If I am right... Lots of people live in 400sqft apartments in NYC... and I guess they have been counted in the polls aswell. So they still love NYC!


----------



## jmancuso (Jan 9, 2003)

*this says it all:*


----------



## krull (Oct 8, 2005)

Here is a story to even love NYC more!


*New York City Likely To Report Lowest Homicide Rate Since 1963*


BY ELIZABETH SOLOMONT
December 28, 2005

This year, New York City likely will report its lowest rate of homicides in more than four decades, according to recently released police data. Fulfilling police and law enforcement predictions over the past few months, the year-end crime statistics are on track to reflect the lowest homicide rate in the city since 1963, when 549 homicides were reported.

According to police data, the city's total crime rate declined in nearly every category, with 528 murders reported through December 25, down 5.5% from 559 reported during the same time period last year. The crime indexes that reflected the largest drops were burglary, with 23,395 reported cases, down 11.4% from 26,423 this time last year, and grand larceny auto, which had 17,586 incidents this year, an 11.8% drop from 19,955 reported this time last year, according to police data.

Robbery was the only crime category that rose, with a 0.8% increase to 23,948 from 23,786 this time last year, police data indicated.

Police Inspector Michael Coan yesterday said several factors contributed to the low statistical reports. "Crime has decreased over 5% this year, and 18% the last four years. This reflects the outstanding efforts of the men and women of the NYPD," he said.

Specifically, Inspector Coan credited several police initiatives, including Operation Impact, which infuses high crime police precincts with additional officers, and Operation Trident, which dispatches extra officers to three neighborhoods with high crime rates.

In East New York's 75th Precinct, which reported some 100 annual homicides during the 1990s, the 3,391 total crimes reported this year to date reflect a 12.29% decrease from 3,866 crimes reported this time last year. The precint ranks sixth in crime reduction out of 76 police commands in the city, Inspector Coan said. Through December 25, there were 29 reported homicides, the same number reported this time last year, just before the precinct implemented Operation Trident.

Yesterday, the president of the Citizens Crime Commission of New York City, Thomas Repetto, said the city's low crime rates could be attributed to police officials who have focused resources in the most desperate areas, and have "probably done the best job of any Police Department in the United States in reducing crime and keeping it down."
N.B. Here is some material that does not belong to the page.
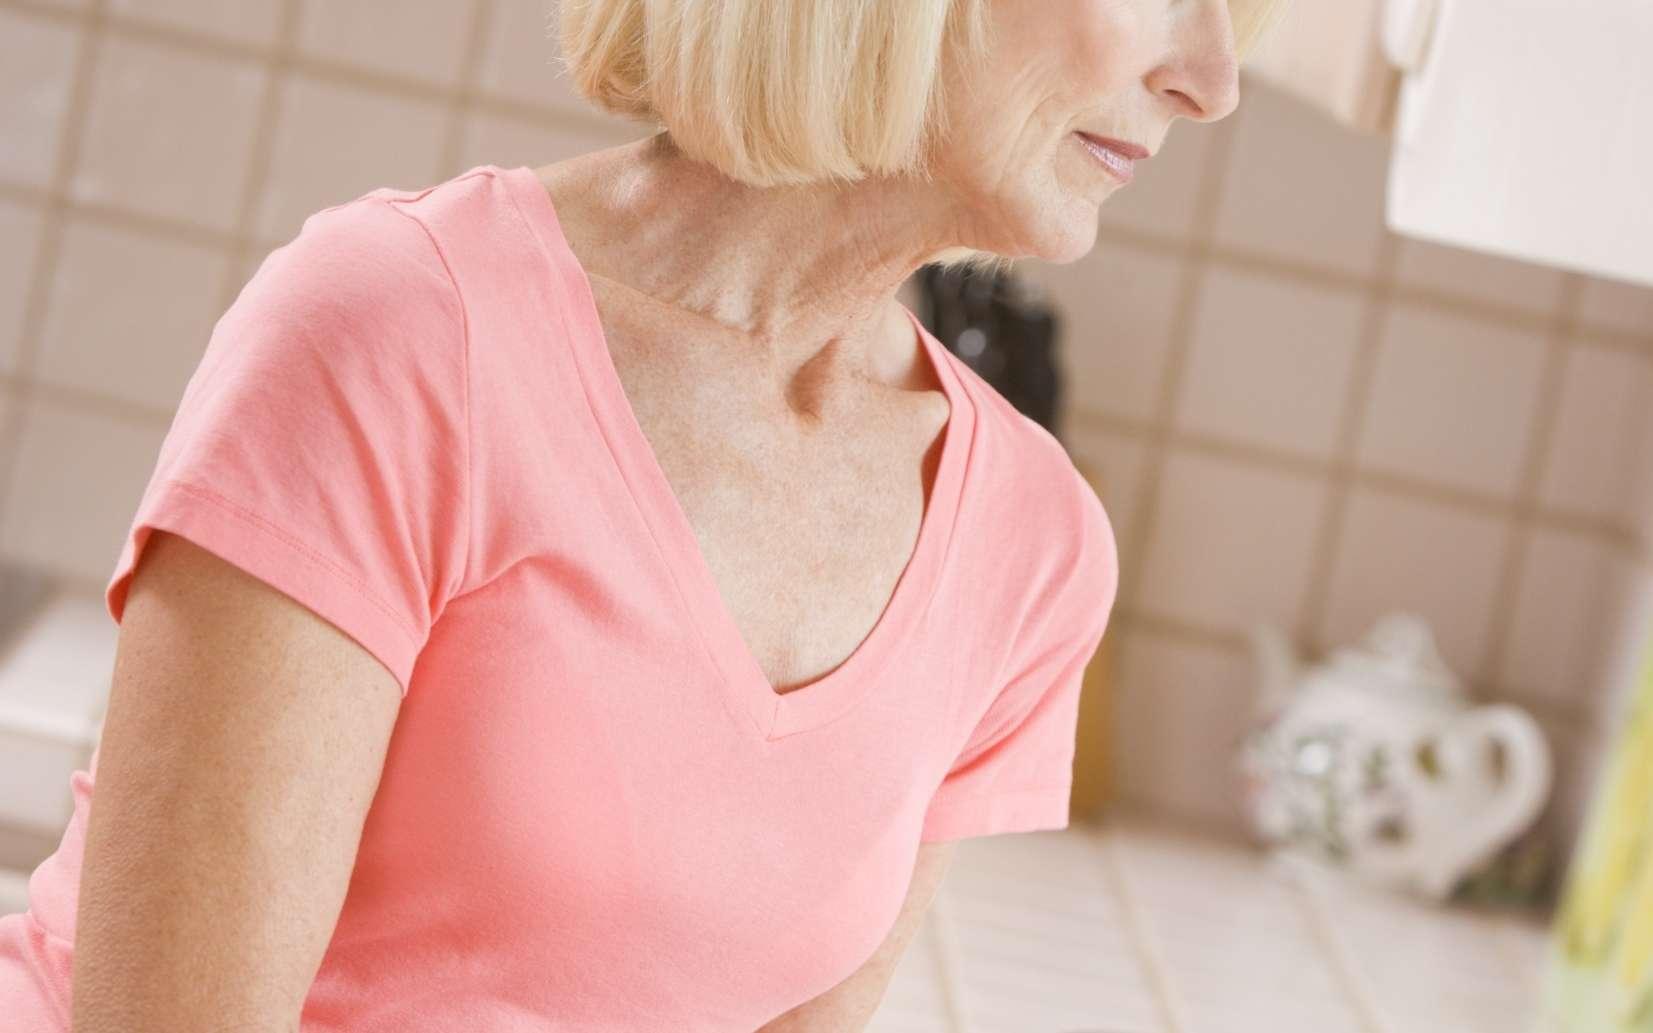 Les patients souffrant de Toc « laveurs » ressentent un besoin irrépressible de nettoyer leur environnement. © Phovoir

Still, some police precincts that historically report high murder rates reported an increase in homicides, in contrast to the citywide trend.

In Bedford-Stuyvesant's 79th police precinct, where three people were killed within 48 hours last week, police reported 24 homicides through December 25, up 50% from 16 homicides reported this time last year. In the Bronx's 46th police precinct, police data reported that 22 murders occurred, up from 18 this time last year.

Police did not explain yesterday what caused those spikes, but Inspector Coan said that the overall crime rates in those precincts were down. In Bedford-Stuyvesant's 79th Precinct, "overall crime is down 3% this year and 16% in the last four years," he said. Homicides in the Bronx's 46th Precinct "are down more than 65% in the last 12 years, despite an increase in the last two years," he said.

But City Council Member Letitia James, of the Working Families Party in Brooklyn, who represents part of Bedford-Stuyvesant, said police should expand Operation Impact into more police precincts in Central Brooklyn. "It doesn't surprise me that overall crime is down," she said. "However, there are still pockets where too many violent crimes are occurring.


© 2005 The New York Sun, One SL, LLC.


----------



## Marathoner (Oct 1, 2005)

krull said:


> If I am right... Lots of people live in 400sqft apartments in NYC... and I guess they have been counted in the polls aswell. So they still love NYC!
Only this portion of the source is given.